[Activity] Transcribe every record below word for word.

[Entries taken from a collection]
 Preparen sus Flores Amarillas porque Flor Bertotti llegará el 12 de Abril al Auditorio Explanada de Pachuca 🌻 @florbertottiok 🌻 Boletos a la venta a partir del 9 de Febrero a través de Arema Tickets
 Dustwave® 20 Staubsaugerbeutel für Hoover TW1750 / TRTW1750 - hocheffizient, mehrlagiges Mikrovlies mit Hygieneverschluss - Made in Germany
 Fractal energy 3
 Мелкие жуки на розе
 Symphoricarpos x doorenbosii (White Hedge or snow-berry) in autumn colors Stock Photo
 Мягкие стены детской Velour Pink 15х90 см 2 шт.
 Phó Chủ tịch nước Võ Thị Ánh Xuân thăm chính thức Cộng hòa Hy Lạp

[Answer box]
 Preparen sus Flores Amarillas porque Flor Bertotti llegará el 12 de Abril al Auditorio Explanada de Pachuca 🌻 @florbertottiok 🌻 Boletos a la venta a partir del 9 de Febrero a través de Arema Tickets
 Dustwave® 20 Staubsaugerbeutel für Hoover TW1750 / TRTW1750 - hocheffizient, mehrlagiges Mikrovlies mit Hygieneverschluss - Made in Germany
 Fractal energy 3
 Мелкие жуки на розе
 Symphoricarpos x doorenbosii (White Hedge or snow-berry) in autumn colors Stock Photo
 Мягкие стены детской Velour Pink 15х90 см 2 шт.
 Phó Chủ tịch nước Võ Thị Ánh Xuân thăm chính thức Cộng hòa Hy Lạp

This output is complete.